Is it possible to set the content-type to application/json?

@fehguy
Copy link
Contributor

fehguy commented Oct 14, 2014

Sure, just updated it

@fehguy
Copy link
Contributor

fehguy commented Oct 14, 2014

note, i can change the name to schema instead of schema.json if you prefer

@fehguy
Copy link
Contributor

fehguy commented Oct 14, 2014

ok before we make this the "official" schema location, I may add a subdomain so it can live on a CDN instead of our server for performance.

@mohsen1
Copy link
Contributor

mohsen1 commented Oct 14, 2014

How you handle versioning with this? Is it always going to server the latest? How can one get a fixed version?

NPM solves all those problems! Why don't you separate the schema folder into a separate repo and use it via npm here? that way it's going to be always up to date (because swagger-spec uses it) and people can use older versions much easier

@fehguy
Copy link
Contributor

fehguy commented Oct 14, 2014

Because many people want to reference the spec outside of a copy that they maintain. It's not a requirement to use but this will make the latest schema available without npm, etc

Eventually I'd prefer to have this hosted on a cdn

@mohsen1
Copy link
Contributor

mohsen1 commented Oct 14, 2014

Understood. Please make sure you leave older versions there too. I would like to lock my version if I were to use the schema from the CDN

@earth2marsh
Copy link
Member

👍 to having versions addressable. Can this be treated like Google hosts libraries like jQuery?

Specify a version like:
//ajax.googleapis.com/ajax/libs/jquery/2.1.1/jquery.min.js

So for the schema, it might live at:
//cdn.swagger.io/schemas/2.0.0.json

… and a minor rev might be:
//cdn.swagger.io/schemas/2.0.1.json

A nice-to-have might be if a digit could be replaced by an x, such as:
//cdn.swagger.io/schemas/2.x.x.json
… for all revs of the 2nd gen schema.

Minor revs could be:
//cdn.swagger.io/schemas/2.0.x.json

Also, this connotes a semver approach to schemas. :)

@webron
Copy link
Member Author

webron commented Oct 14, 2014

I don't think that's the right approach.

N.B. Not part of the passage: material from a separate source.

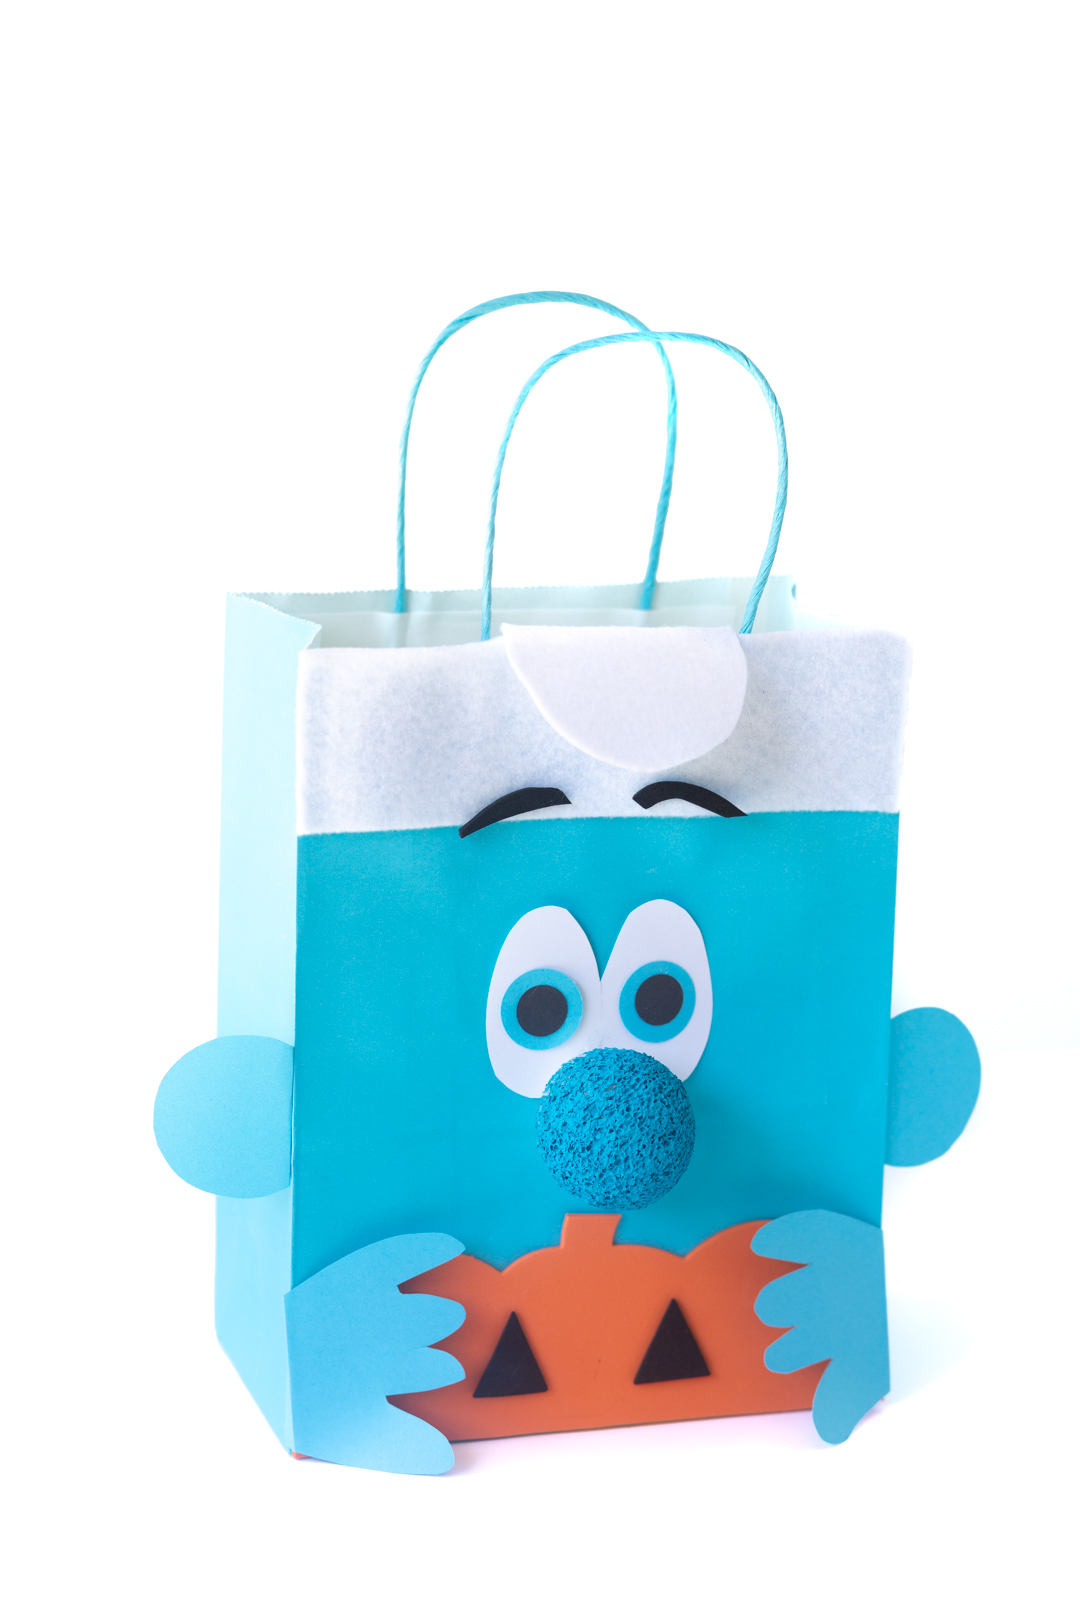 3d view of do it yourself smurf treat bag for halloween

I'm trying to find out if we can add a property to the schema saying which version it is, but the schema is and always will be 2.0 until we release 2.1. Adding revisions or versions to the schema name itself will just confuse users. Since the schema itself is work in progress at the moment, it will have updates. Once that's done, it may have fixes but no additions.

@earth2marsh
Copy link
Member

Over the last 6 weeks changes to the schema to correct bugs have broken projects like swagger-tools. Having a minor version like 2.0.1 be directly addressable would allow folks to control their dependency on the schema. If it were a property of the schema, then the ground could shift underneath your app, no?

@mohsen1
Copy link
Contributor

mohsen1 commented Oct 14, 2014

In swagger-schema-official I used the short commit sha1 for versioning

versions:
   [ '1.2.0',
     '2.0.0-a33091a',
     '2.0.0-b6411e9' ]

It would be more semantic to follow the same approach as the NPM

@webron
Copy link
Member Author

webron commented Oct 14, 2014

Yes, this what happens when things are being worked on concurrently. I'm not saying there shouldn't be a version control, I just don't think the file name is the correct way. The current schema has an "id" tag which points to a URL hosting the schema, and that's going to stay the same (though I admit we may change the location of the schema as stated in this issue, again, work in progress).

2.0 should always be the most up to date version. If you want to to have additional copies per revision, that's fine by me, but we need to see how and where that is managed.

@webron
Copy link
Member Author

webron commented Oct 14, 2014

@earth2marsh, @mohsen1 - I have a feeling we're talking about two separate things (and please correct me if I'm wrong).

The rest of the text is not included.